De antemano advierto que no se trata de un texto de historia; en realidad pasa por encima de esta para adentrarse en una novela testimonial porque así sirve al fin deseado y con creces. El autor ocupa su lugar en el texto de una manera resuelta sin importarle lo que de él piensen los lectores, y no es neutral a la circunstancia de su narrativa; al contrario, la expone sin adornos retóricos porque es claro que le duele, en términos de nostalgia que, como se sabe, es el dolor por lo vivido en un pasado imborrable.

Narra un instante en la forma de un viaje nocturno que rescata para la memoria el despliegue por propia cuenta y riesgo de un manojo de hombres y mujeres insertos en la vida cultural, la música, la poesía y la contracultura que se expresó en una sociedad hipócrita de usos y costumbres lejanos a una concepción vacía de valores.
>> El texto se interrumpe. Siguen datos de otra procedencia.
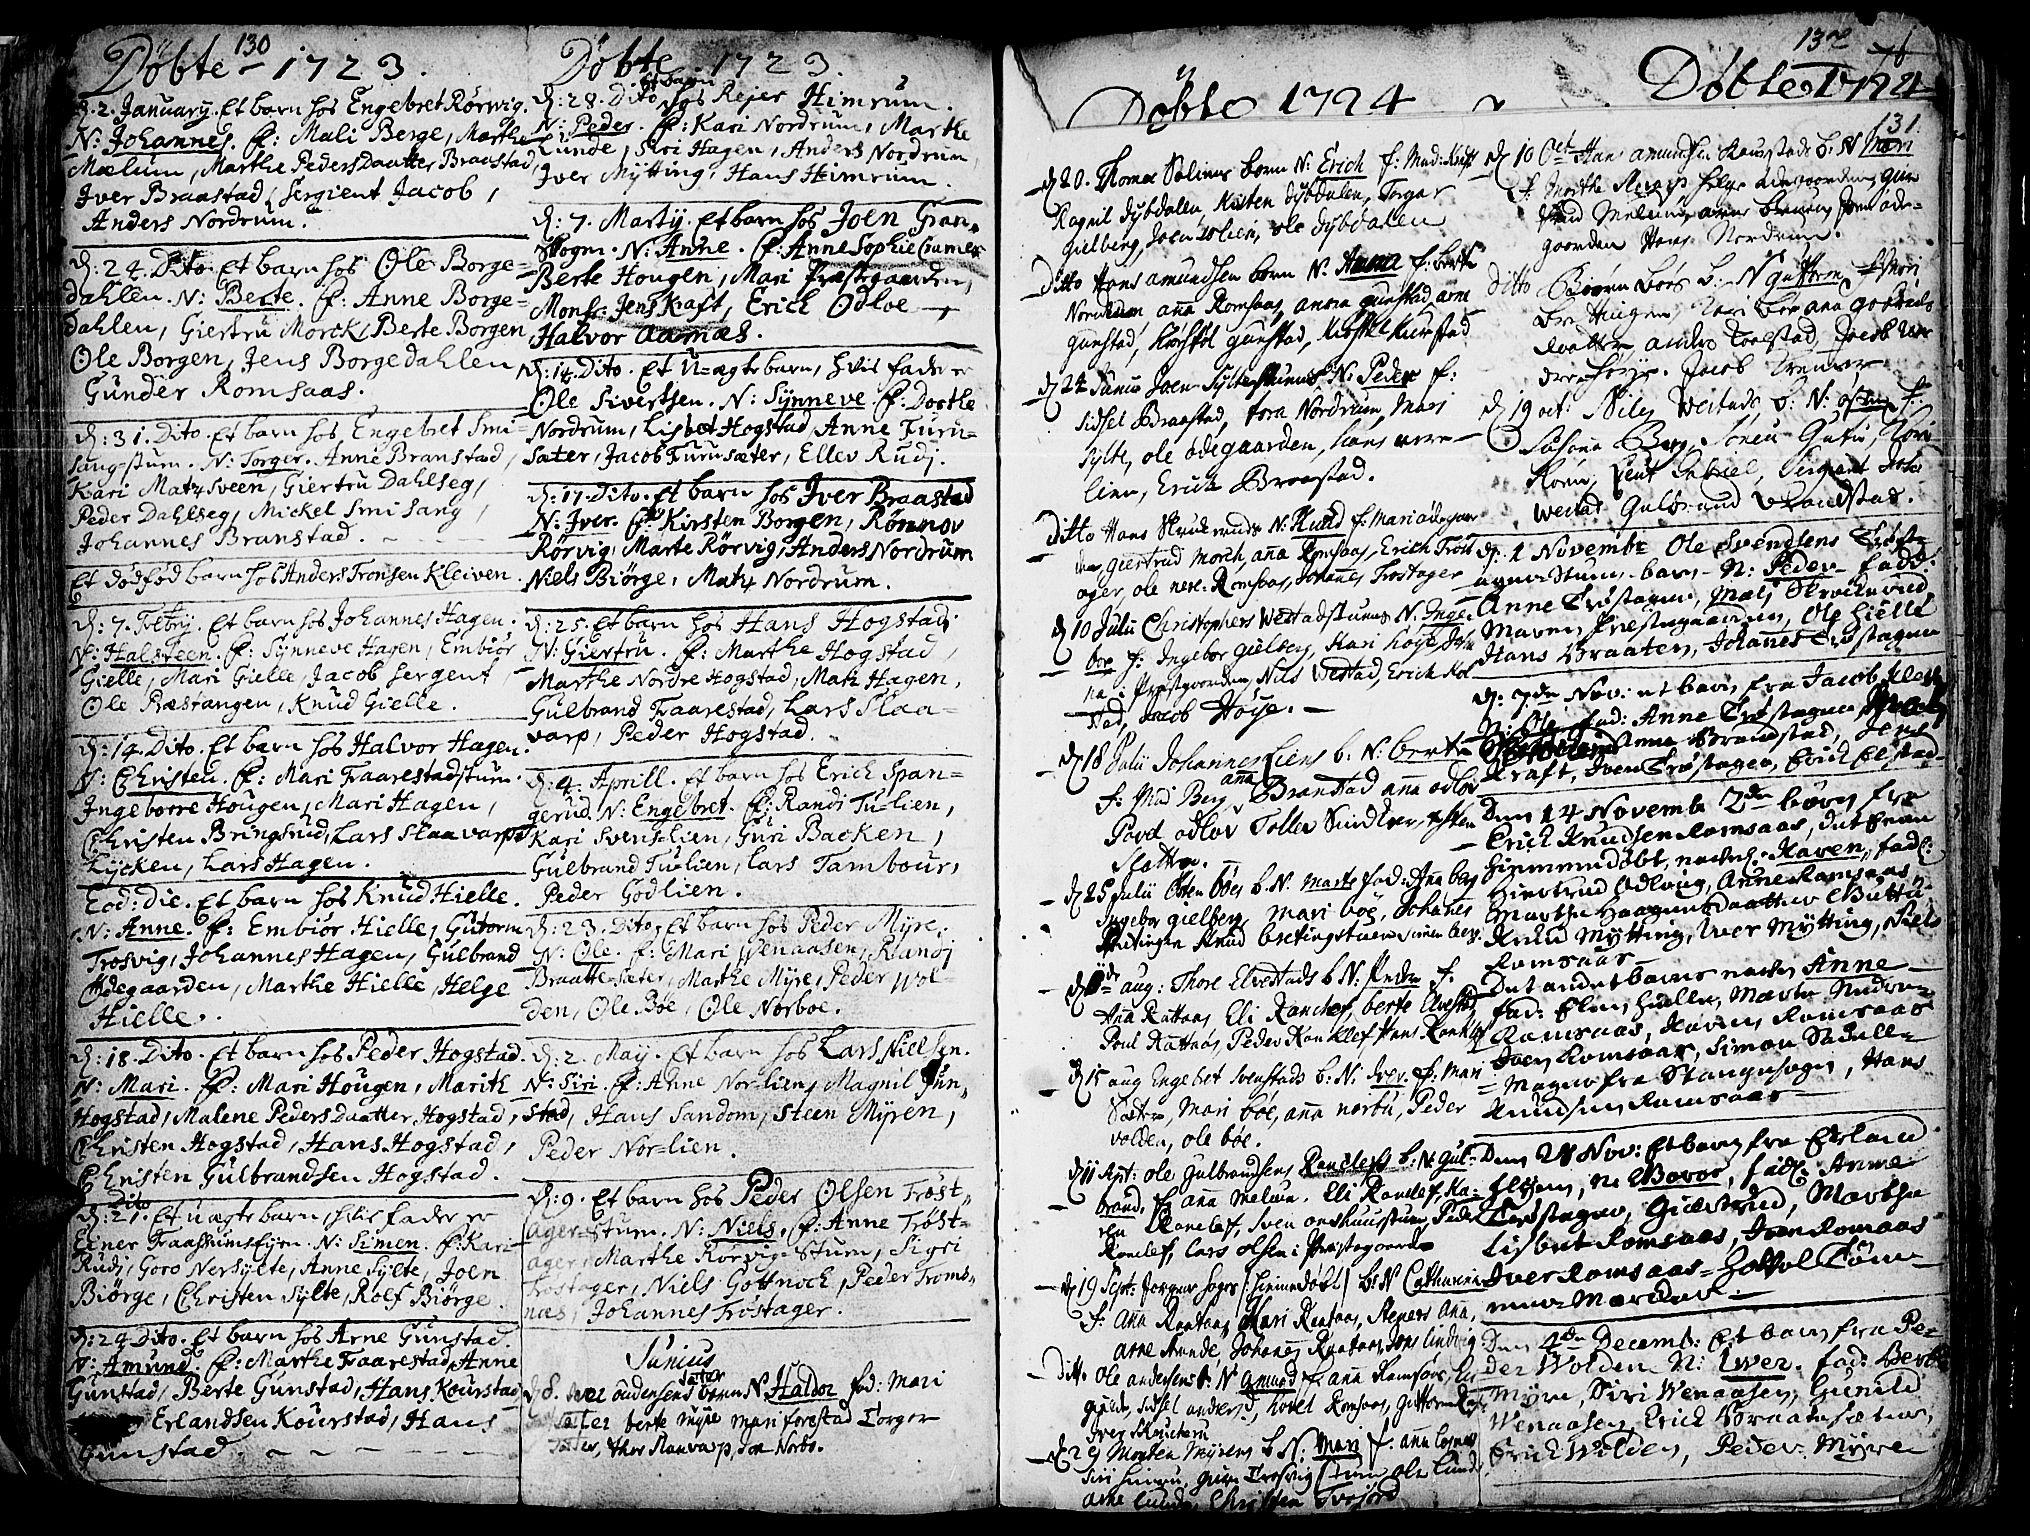 SAH, Ringebu prestekontor, Ministerialbok nr. 1, 1696-1733, s. 130-131

El tiempo que comprende la obra contiene y condensa un momento de ruptura. Como sucedió en otros ámbitos –el de la política incluido– estuvieron presentes protestas y sobre todo la expresión del malestar en y con la cultura. No era necesario aquilatar a plenitud el existencialismo, ni el marxismo, ni el hipismo, para moverse en dirección de la transgresión; las brújulas sólo tenían agujas que marcaban en esa dirección, porque eran tiempos de gran protesta social contra la guerra, que se extendía de la familia a la universidad, del pequeño grupo activo a la militancia cultural y en contra de un poder que indigestaba a quienes eran jóvenes y por el solo hecho de serlo.

El existencialismo, por ejemplo, lejos estuvo de asumirse luego de las lecturas complejas de la obra de Sartre; bastaba ser seducidos en un café, en la explanada universitaria o el paraninfo por la idea de que la “existencia precede a la esencia”, para gritar con libertad, coraje y en ocasiones con desenfado: “Seré lo que elija”. Nadie, pensando de esta manera estaba ni amurallado ni prisionero de algo anterior que determinara un futuro ineluctable de los hombres y las mujeres: ni dioses, ni patriarcas, ni partidos cargados de dogmas, ni capitales mundiales de la verdad. No era la vía de la anarquía y sí de la libertad y creatividad. El mundo ya no era sin sus jóvenes, y esta tempestad pegó aquí en Chihuahua, al igual que en otros sitios del país y del mundo.

Para comentar la obra de Josías Vargas podríamos recurrir a las teorías que se han expresado para hablar del surgimiento y herencia de las generaciones y hablar de Gertrude Stein y Karl Mannheim, o mejor de Hemingway, que narró magistralmente el París que era una fiesta en los tiempos de entreguerras, donde se fermentaban los totalitarismos, tanto los que se fueron pronto como los que duraron un poco más y los que actualmente existen como una perenne amenaza para la humanidad.

Con todo lo insuficiente que pueda ser la obra de Vargas –en realidad, toda buena obra aspira a ser inacabada–, al final nos abre una ventana para comprender esto en la vida de dos hombres: el pintor Francisco Justino el Chato Reyes, y el poliédrico Remigio Córdova (dramaturgo, actor, director, poeta, fotógrafo, y hasta dandy en sus ratos libres), que si nos fijamos bien, aún recorre las calles de Chihuahua.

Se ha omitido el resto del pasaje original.